Article body
En pleine crise sanitaire de la Covid-19 au printemps 2020, Pascal Demurger, directeur général de la MAIF, entreprise française célèbre pour sa signature d’assureur militant, défend le monde de l’assurance attaqué de toutes parts par ces mots : « Les assureurs ont un rôle à jouer dans la société, pour amortir les chocs, pour accompagner les populations dans les crises. C’est cela qui nous guide. Sans doute le secteur dans son ensemble aurait-il dû agir dans ce sens plus tôt, plus vite, plus fort. »[1] Hasard ou coïncidence, ce grand dirigeant français a publié à l’été 2019 un essai ambitieux sur sa vision de l’entreprise du xxie siècle, dont il a confié la préface à Nicolas Hulot, écologiste engagé et ancien ministre français de la Transition écologique et solidaire en 2017-2018. Ce dernier confirme que « les entreprises doivent devenir des acteurs d’une transition écologique et sociale d’ampleur. […]. La RSE (responsabilité sociétale des entreprises) est certes devenue un garde-fou tangible et louable, mais un changement d’échelle est désormais impératif […]. Le graal du xxie siècle est de donner au travail une dimension de plaisir, car, oui, l’entreprise est un objet politique. Oui, celle-ci peut et doit, elle aussi, changer le monde. » (p. 11-13)
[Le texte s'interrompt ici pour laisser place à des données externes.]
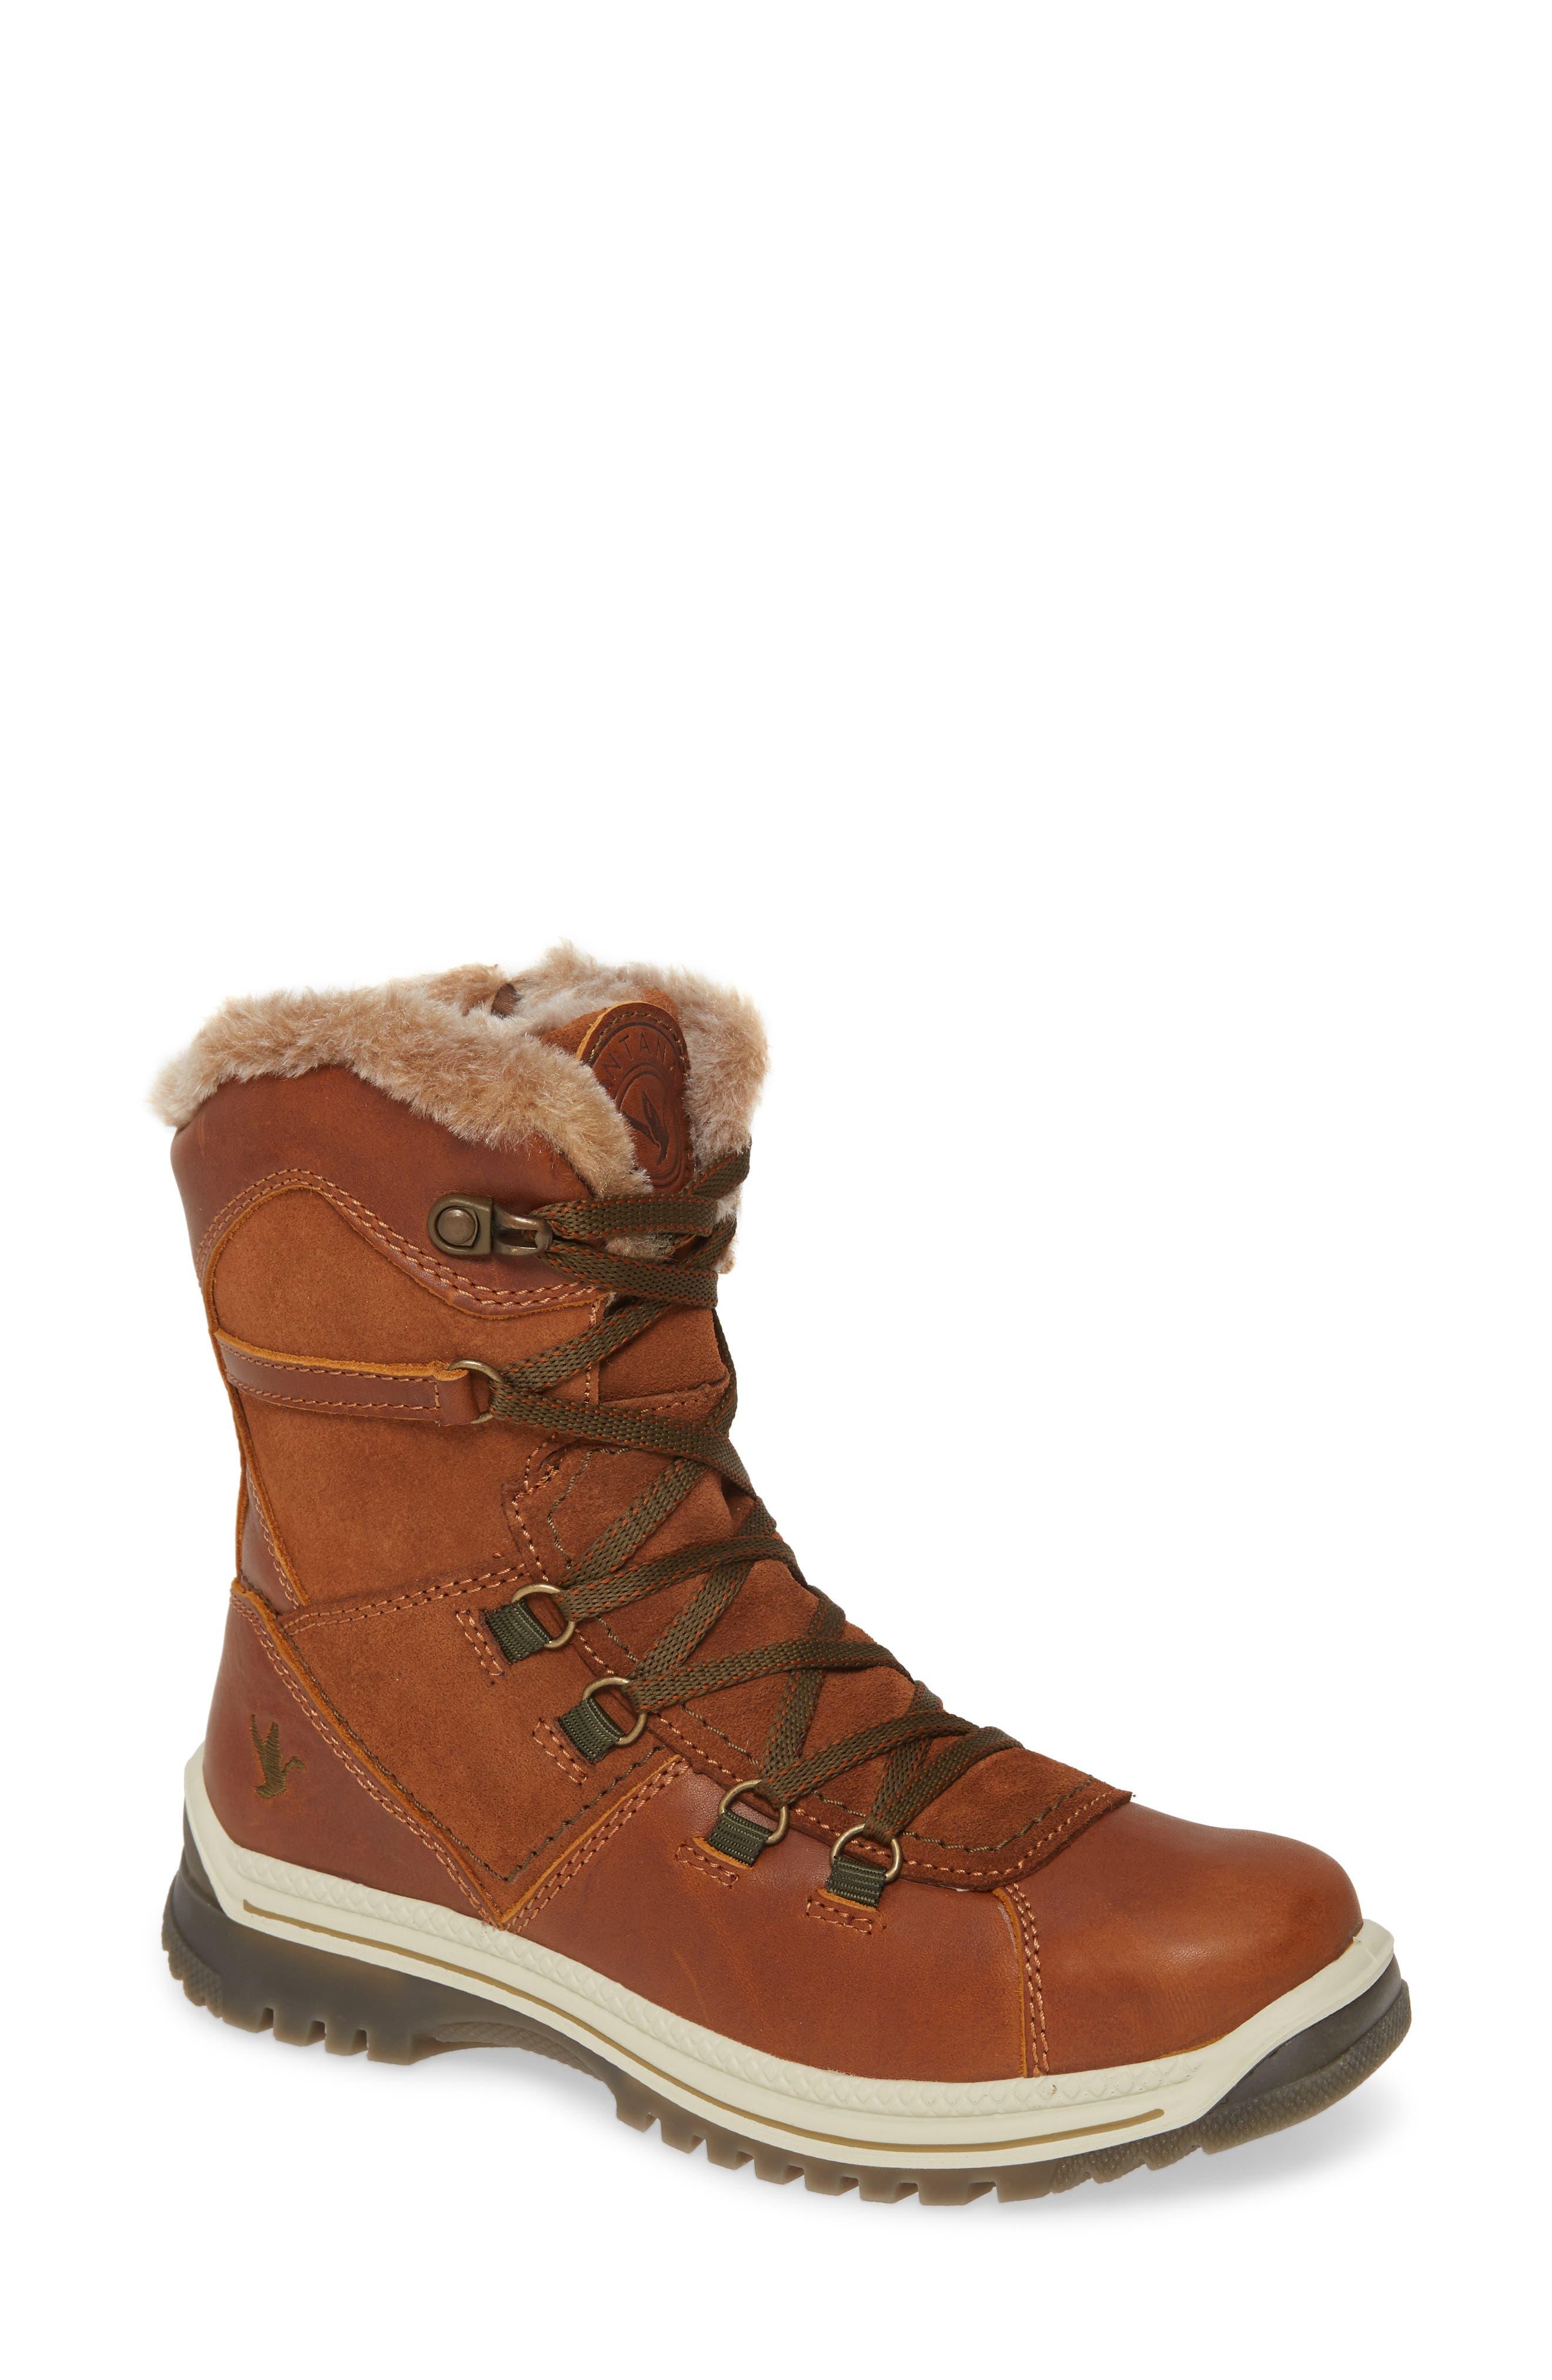 Women's Santana Canada Boots | Nordstrom
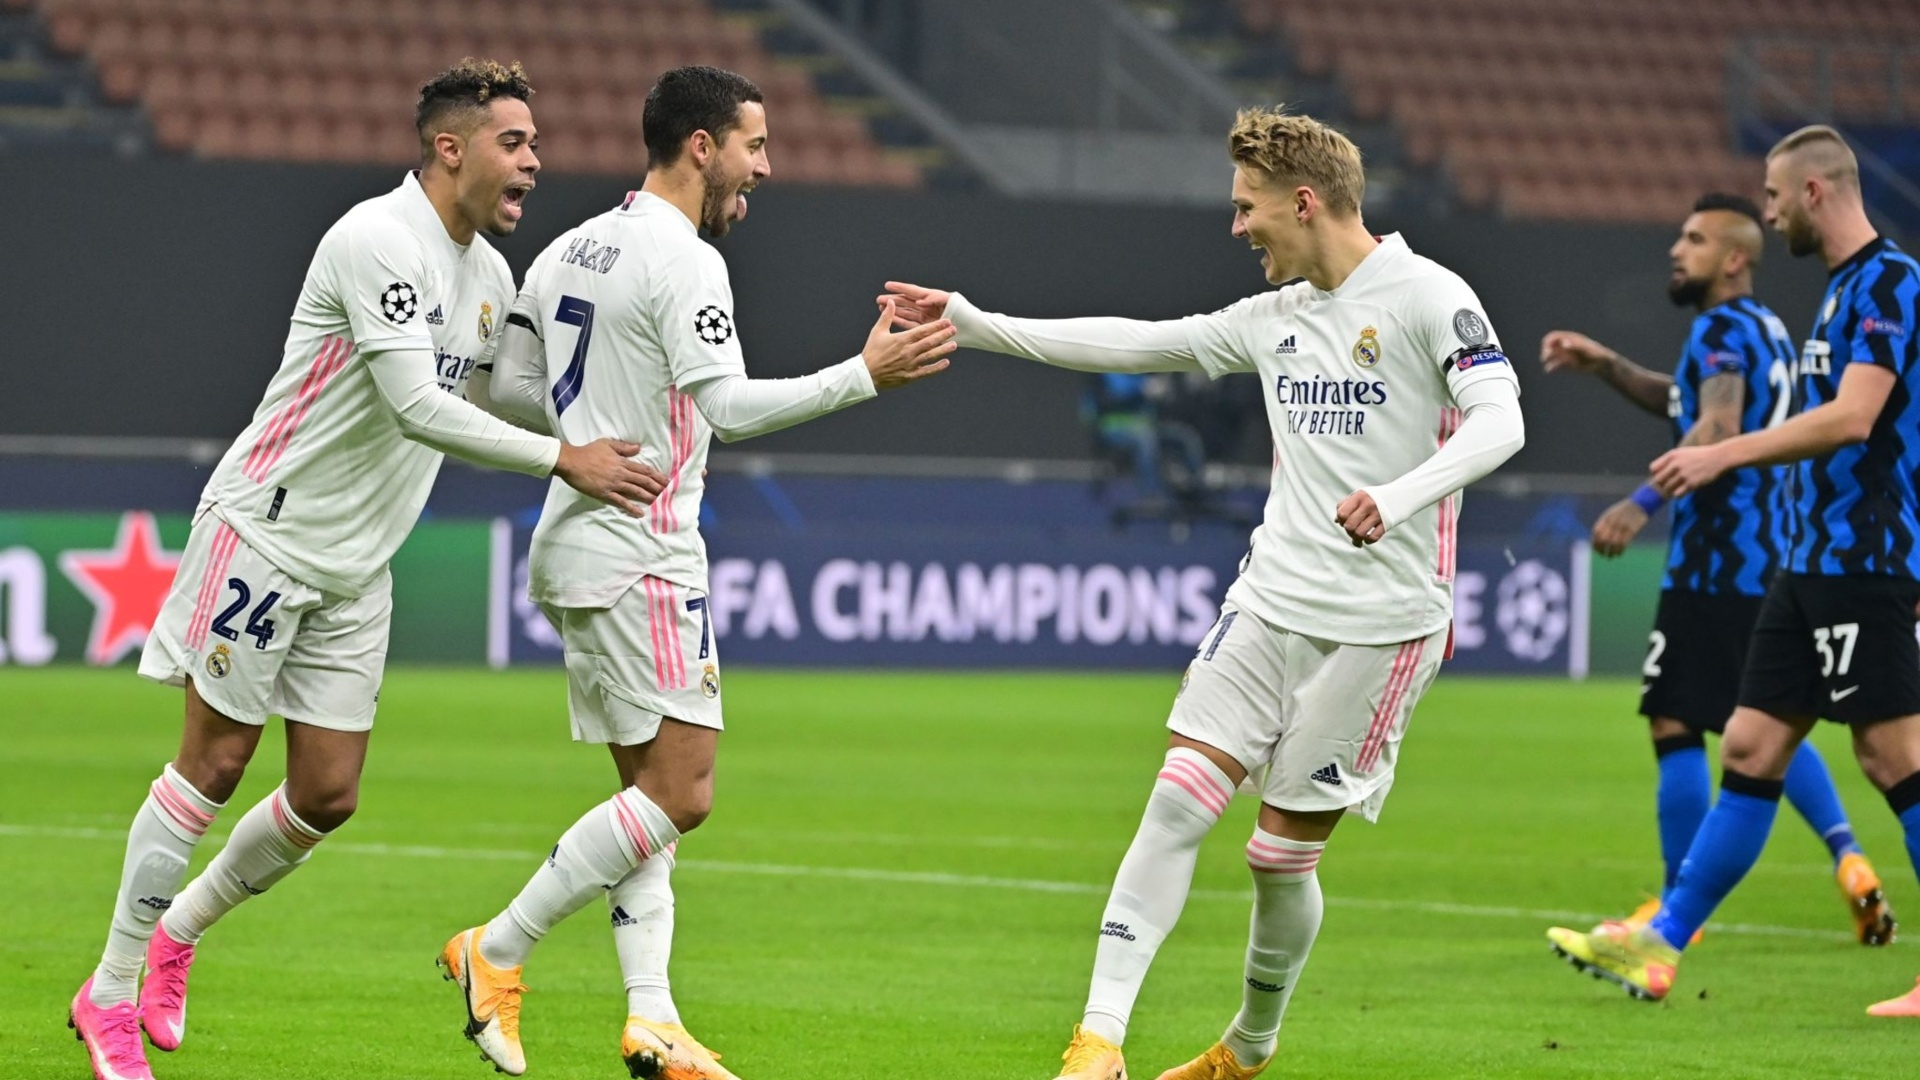 Match report: Inter Milan 0-2 Real Madrid

L’introduction intitulée L’âge de la conscience revient sur les défis majeurs auxquels notre monde est confronté : montée des inégalités sociales, changement climatique, etc. et précise l’impérieuse nécessité de dépasser les réponses bien connues comme la RSE pour davantage s’engager dans un modèle d’entreprise politique tel que désormais pratiqué au sein de la MAIF, un modèle faisant de son engagement une source majeure de sa performance.
L’ouvrage est construit autour de deux parties : la première, L’entreprise, menace ou secours pour le monde ?, questionne le rôle de l’entreprise en proie à une inconséquence économique couplée à une impuissance politique croissante et la seconde, L’entreprise politique, de l’expérience au modèle, décrit et analyse la révolution opérée à la MAIF durant ces dernières années pour en proposer un modèle réplicable à l’ensemble des entreprises pour changer le monde et atteindre un développement plus respectueux de l’environnement et des personnes.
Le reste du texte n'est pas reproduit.